EXTRACTED RECORDS
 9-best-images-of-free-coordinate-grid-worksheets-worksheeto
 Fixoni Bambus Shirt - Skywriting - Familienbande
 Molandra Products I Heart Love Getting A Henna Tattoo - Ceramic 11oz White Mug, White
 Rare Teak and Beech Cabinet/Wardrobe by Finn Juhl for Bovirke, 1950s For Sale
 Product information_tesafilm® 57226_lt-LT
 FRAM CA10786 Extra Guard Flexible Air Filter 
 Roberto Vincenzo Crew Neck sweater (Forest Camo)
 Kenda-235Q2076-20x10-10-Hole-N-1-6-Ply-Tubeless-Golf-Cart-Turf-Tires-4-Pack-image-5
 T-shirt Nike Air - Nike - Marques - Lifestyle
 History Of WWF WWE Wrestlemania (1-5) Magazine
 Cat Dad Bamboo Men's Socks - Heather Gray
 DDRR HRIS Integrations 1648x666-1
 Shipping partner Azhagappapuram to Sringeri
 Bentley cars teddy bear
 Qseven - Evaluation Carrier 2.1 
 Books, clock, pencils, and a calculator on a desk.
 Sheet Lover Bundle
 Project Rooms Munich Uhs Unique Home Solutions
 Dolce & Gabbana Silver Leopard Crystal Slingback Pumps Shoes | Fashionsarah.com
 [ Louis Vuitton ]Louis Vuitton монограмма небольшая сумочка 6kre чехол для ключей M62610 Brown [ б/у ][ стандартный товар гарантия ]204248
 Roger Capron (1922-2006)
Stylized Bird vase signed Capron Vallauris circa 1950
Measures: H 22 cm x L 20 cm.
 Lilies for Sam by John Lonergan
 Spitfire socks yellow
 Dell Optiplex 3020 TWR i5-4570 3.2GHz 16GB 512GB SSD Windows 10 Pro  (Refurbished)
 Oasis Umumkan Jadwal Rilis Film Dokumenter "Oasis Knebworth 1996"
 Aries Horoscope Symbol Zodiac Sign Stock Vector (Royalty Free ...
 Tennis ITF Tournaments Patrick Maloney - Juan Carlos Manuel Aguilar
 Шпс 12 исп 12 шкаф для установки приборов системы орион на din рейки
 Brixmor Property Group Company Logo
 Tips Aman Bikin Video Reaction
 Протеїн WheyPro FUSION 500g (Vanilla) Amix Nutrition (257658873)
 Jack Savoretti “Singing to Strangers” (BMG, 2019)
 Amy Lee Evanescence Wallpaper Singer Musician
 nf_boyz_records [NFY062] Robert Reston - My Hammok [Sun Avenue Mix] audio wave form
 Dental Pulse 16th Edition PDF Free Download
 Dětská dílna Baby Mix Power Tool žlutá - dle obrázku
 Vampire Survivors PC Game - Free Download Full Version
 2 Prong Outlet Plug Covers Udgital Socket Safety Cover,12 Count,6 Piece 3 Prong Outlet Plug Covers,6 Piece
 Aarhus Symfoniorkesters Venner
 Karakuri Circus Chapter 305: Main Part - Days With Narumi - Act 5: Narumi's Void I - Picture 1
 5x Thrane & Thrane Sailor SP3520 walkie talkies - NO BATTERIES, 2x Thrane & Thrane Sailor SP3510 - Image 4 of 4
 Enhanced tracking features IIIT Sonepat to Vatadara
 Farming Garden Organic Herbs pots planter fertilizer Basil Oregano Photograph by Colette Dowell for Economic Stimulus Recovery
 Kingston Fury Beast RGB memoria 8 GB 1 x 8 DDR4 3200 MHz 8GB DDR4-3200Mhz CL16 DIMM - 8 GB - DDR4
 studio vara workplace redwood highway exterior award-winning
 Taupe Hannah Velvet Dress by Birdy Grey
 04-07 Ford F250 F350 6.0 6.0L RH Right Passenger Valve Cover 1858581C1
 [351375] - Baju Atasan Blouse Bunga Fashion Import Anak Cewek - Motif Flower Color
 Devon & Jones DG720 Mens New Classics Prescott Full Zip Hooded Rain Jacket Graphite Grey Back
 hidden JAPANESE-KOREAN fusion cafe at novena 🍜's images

TASK BRIEF
In the entries above, find every line holding the word "Full" and copy it out.

ANSWER TO THIS TASK
 Vampire Survivors PC Game - Free Download Full Version
 Devon & Jones DG720 Mens New Classics Prescott Full Zip Hooded Rain Jacket Graphite Grey Back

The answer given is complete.